- Born: Athanase de Mézières y Clugny March 26, 1719
- Died: November 2, 1779 (aged 60) San Antonio, Texas, New Spain
- Citizenship: French (later served Spain)
- Occupations: Soldier, Diplomat, Explorer, Colonial administrator
- Known for: Diplomacy with Plains tribes; exploration of the Red River and Northern Texas
- Title: Governor of Texas-designate (1779) Lieutenant Governor of Natchitoches (1769–1779)
- Spouses: Marie Petronille Feliciane de St. Denis (1746–1747); Pelagie Fazende;
- Children: 9
- Parents: Louis Christophe de Mézières; Marie Antoinette Clugny;

= Athanase de Mezieres =

French-Spanish nobleman, explorer and colonial administrator

Athanase de Mézières (born Athanase de Mézières y Clugny, March 26, 1719 – November 2, 1779) was an 18th century French nobleman, explorer, and former Lieutenant Governor of Natchitoches in Louisiana, United States. Initially a French infantryman in Louisiana, he became a diplomat for the Government of Spain when the region passed into their control in 1763. He was responsible for drawing up treaties with Native American communities and travelled extensively along the Red River. Mézières was appointed Governor of Texas in 1779, but died before he could assume the position.

== Early life and French military career ==
Mézières was born Athanase de Mézières y Clugny on March 26, 1719 to French nobleman Louis Christophe de Mézières and Marie Antoinette Clugny. He began his career in the French infantry and was assigned to the Colony of Louisiana in the 1730s. He served for the next three decades, eventually reaching the rank of Captain. On September 15, 1763, Mézières was discharged from the French infantry, when Louisiana passed into Spanish control.

In 1746, while assigned to the French outpost at Natchitoches, he married Marie Petronille Feliciane de St. Denis, daughter of the French explorer and commandant of Natchitoches, Louis Juchereau de St. Denis. This marriage ended when Marie died in childbirth in 1747, and Mézières later married Pelagie Fazende.

== Career during Spanish control of Louisiana ==
After the transfer of Louisiana to Spain, Mézières offered his services to the new colonial government. In 1769, he was appointed Lieutenant Governor of Natchitoches by the Administrator of Louisiana, Alejandro O'Reilly. Mézières had learnt Latin, French, Spanish, and several Native American languages, and was dispatched to Northern Texas as an agent of the Spanish.
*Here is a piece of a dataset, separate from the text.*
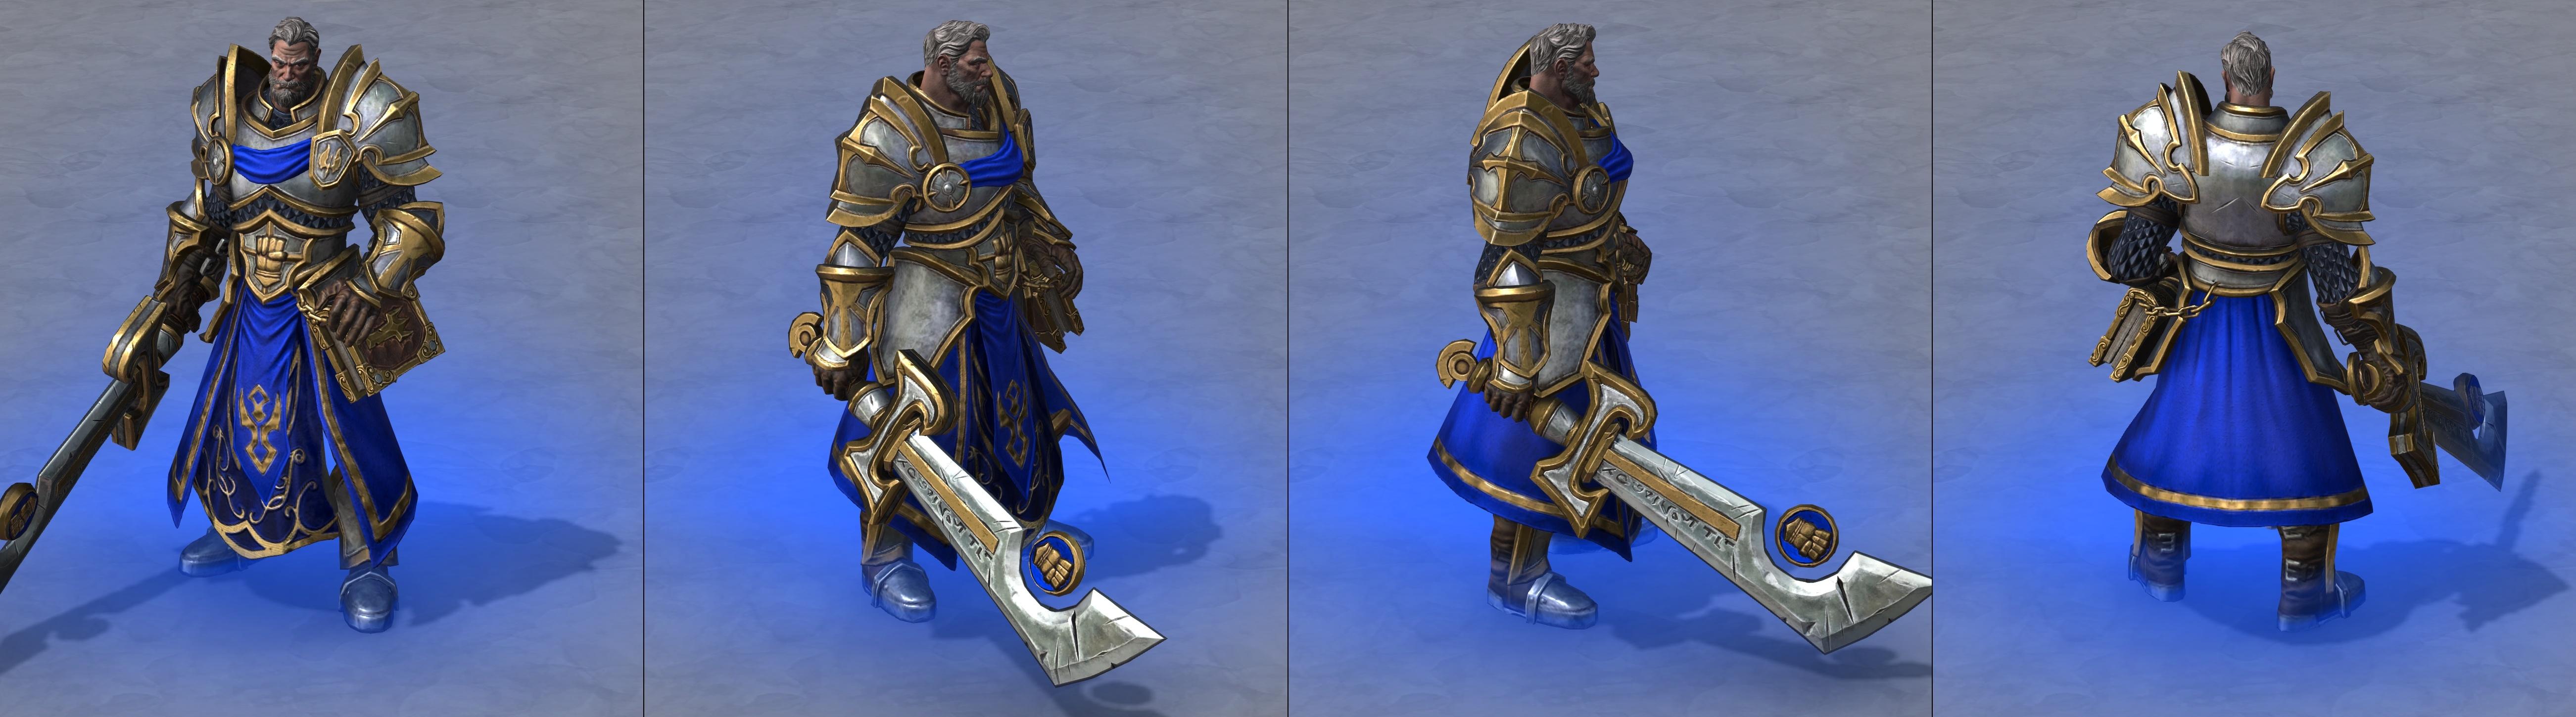 Warcraft III Reforged : Dagren the Orcslayer

In 1770, he began expeditions to the Red River as part of his diplomatic duties. In 1771, he negotiated treaties with the Native American communities of the Kichais, Tawakonis, Taovayas, and the Tonkawas.

During his numerous expeditions between Louisiana and Texas, Mézières crossed the West Fork of the Trinity River near present-day Fort Worth. In his diary and report to the colonial authorities, he wrote:

It is worthy to note that from the Brazos River on which the Tuacanas are established, and until one reaches the river which bathes the village of the Taovayzes (Red River), one sees on the right a forest that the natives appropriately call the Grand Forest. ...it is very dense, but not very wide. It seems to be there as a guide to even the most inexperienced, and to give refuge in this dangerous region to those who, few in number and lacking in courage, wish to go from one village to another. — De Mezieres

== Later life and death ==
In 1778, the Governor of Louisiana, Bernardo de Galvez, appointed Mézières as a diplomat for additional services in Texas. He was tasked with forging an alliance between the Spanish, Comanches, and Norteños against the Apaches. Mézières travelled extensively in New Orleans, along the Red River, and to the newly-established town of Bucareli.

While travelling between Los Adaes and Nacogdoches, Mézières sustained a severe head injury when thrown from his horse. He never fully recovered, but continued his journey and arrived in San Antonio in September 1779. He was appointed the Governor of Texas, but was unable to assume office. He died a few days later, on November 2, 1779.

Mézières was survived by one child from his first wife, and eight from his second. The proposed alliance with the Comanches and Norteños, that he was working on before his death, was never fully realized.